The evaluation of the models instantaneously went through a tough validation protocol via stratified 5-fold cross-validation that was applied to the training split. This method guarantees that the ratio of churners to non-churners is maintained in each fold, thus yielding stable variance estimates and also eliminating the possibility of biased performance results. The main performance metric used was ROC-AUC, which is a threshold-independent metric and also very reliable in conditions where there is a class imbalance, hence making it suitable for churn prediction. Among the secondary metrics were the F1-score, which reveals the balance between precision and recall and hence indicates the model's ability to accurately identify true churners, and the Brier score, which measures the accuracy of predicted probabilities and is an important factor for downstream ROI modeling as well as decision-support systems.

Empirical outcome (hold-out test set)

All metrics come from the same train/test split (25 % hold-out, seed 42).

3.3. Business alignment

The modeling strategy manages to strike a balance between interpretability and performance by letting the managers start with the most transparent models like Logistic Regression or Decision Trees, which can provide clear operational insights, and then move on to testing more potent models like Random Forest or XGBoost through A/B testing in order to get the incremental lift. The operational feasibility is very much guaranteed by having extremely quick inference times, which are usually under a millisecond, and by the entire pipeline being serialized with joblib for API-based deployment without any hiccup. When it comes to scalability, the preprocessing transformer ensures that the entire workflow remains the same every time there is a data refresh in the future without the need for writing additional code. The combination of all these features allows for each technical decision made with respect to algorithms, parameters, or evaluation metrics to be linked to the specific size, class imbalance, and real-world business constraints of the Telco churn dataset. This connection leads to the development of models which are not only precise but also practical and capable of directing the decision-makers in the right way.

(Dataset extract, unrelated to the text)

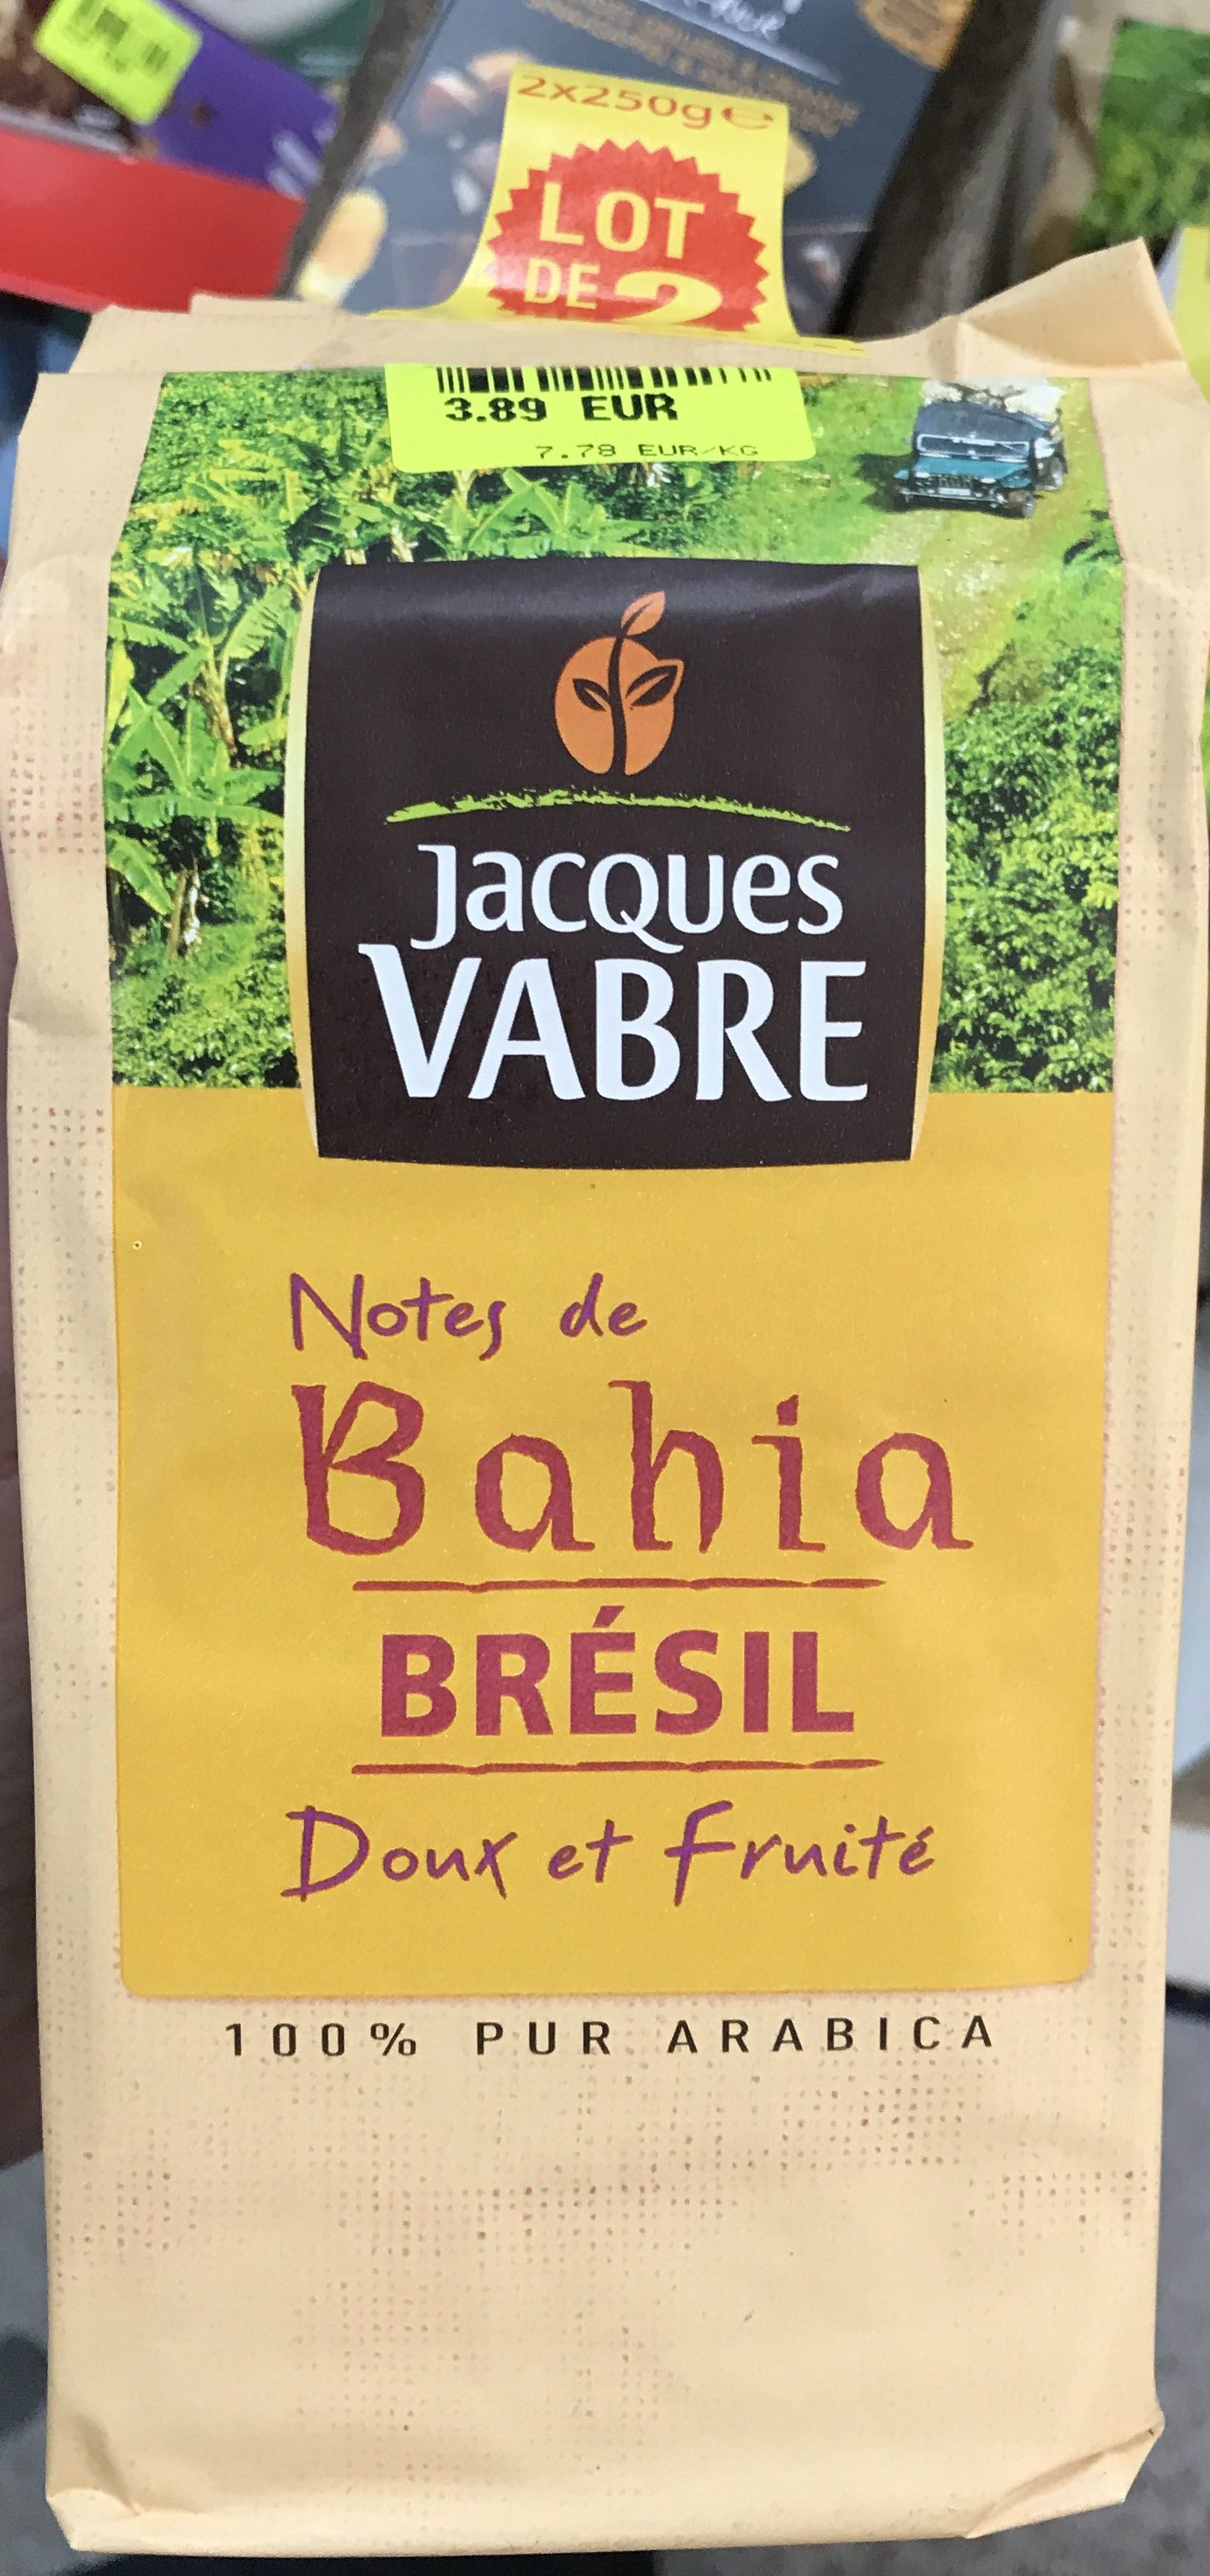 Notes de Bahia Brésil (lot de 2) - Product - fr

3.4. Model Validation Methods

The project employs a systematic stratified train-test split validation strategy to guarantee the solidity of its churn prediction models. The data is split into a training set which comprises seventy-five percent and a testing set which consists of twenty-five percent, and a predetermined random seed (random_state = 42) is applied to ensure reproducibility. Four supervised learning algorithms, namely Logistic Regression, Decision Tree, Random Forest, and XGBoost, are utilized in the modeling pipeline and they are all implemented via scikit-learn's Pipeline framework to allow the integration of preprocessing and model training into a single workflow. This setup guarantees that the same preprocessing steps are applied to both the training and testing datasets, thus effectively eliminating data leakage and ensuring consistency. The model fitting is performed using .fit(X_train, y_train) while predictions are done through both .predict() and .predict_proba() to allow subsequent evaluation and visualization. The project, by the standardization of the process and the locking up of the random seed, is able to maintain stable, repeatable and trustworthy results.

3.5. Performance Metrics

All the churn prediction models are evaluated from the performances point of view by a bunch of metrics which were very carefully chosen and that fits perfectly with the case of imbalanced binary classification. The initial metric is ROC-AUC which evaluates the model’s performance in separating the churn custome and the non-churn customer across all the decision thresholds and its threshold-independent nature makes it very much valued in the case of imbalanced classes. Besides ROC-AUC, the project utilizes the classification_report from the sklearn.metrics package which gives a detailed account of precision, recall and F1-score values. The F1-score is of major significance in this context since it merges precision and recall to just depict performance in the case of minor churns. Additionally to these numerical metrics, confusion matrices and ROC curves are created for every model to provide visual representations of the false positives, false negatives and overall discrimination ability. All these metrics and visual tools together give a full picture of model performance as shown in Figure 5.
Logistic Regression is quite straightforward and comprehensible. Its ROC-AUC score of 0.85 indicates consistent performance. It is a decent starting model and suitable for business decision-making. On the other hand, its slightly elevated false negative rate means it could overlook some departing customers, thus posing a risk as shown in Figure 6.
The Decision Tree model shows a very small difference in accuracy, obtaining a ROC-AUC score of 0.83. This model could be risky in terms of overfitting and would not be able to handle very complex features in the data very well. Thus, it should be treated with caution as shown in Figure 7.
The Random Forest model achieved a remarkable ROC-AUC score of 0.85, which indicates its good overall performance. It is the most appropriate model to maintain the balance of prediction results. Despite the model being more complicated and less interpretable compared to the first two, it is still accurate and stable as shown in Figure 8.
The XGBoost model obtained a ROC-AUC score of 0.83. Even if it has a little bit more false alarms, it is very good at identifying the actual churn customers. This model still has potential for fine-tuning, but it will require more computing power and expertise. We employed ROC-AUC as the primary measure, due to its effectiveness in dealing with imbalance issues such as churn. An increase in ROC-AUC indicates that the model is more successful in distinguishing between churners and non-churners as shown in Table 5.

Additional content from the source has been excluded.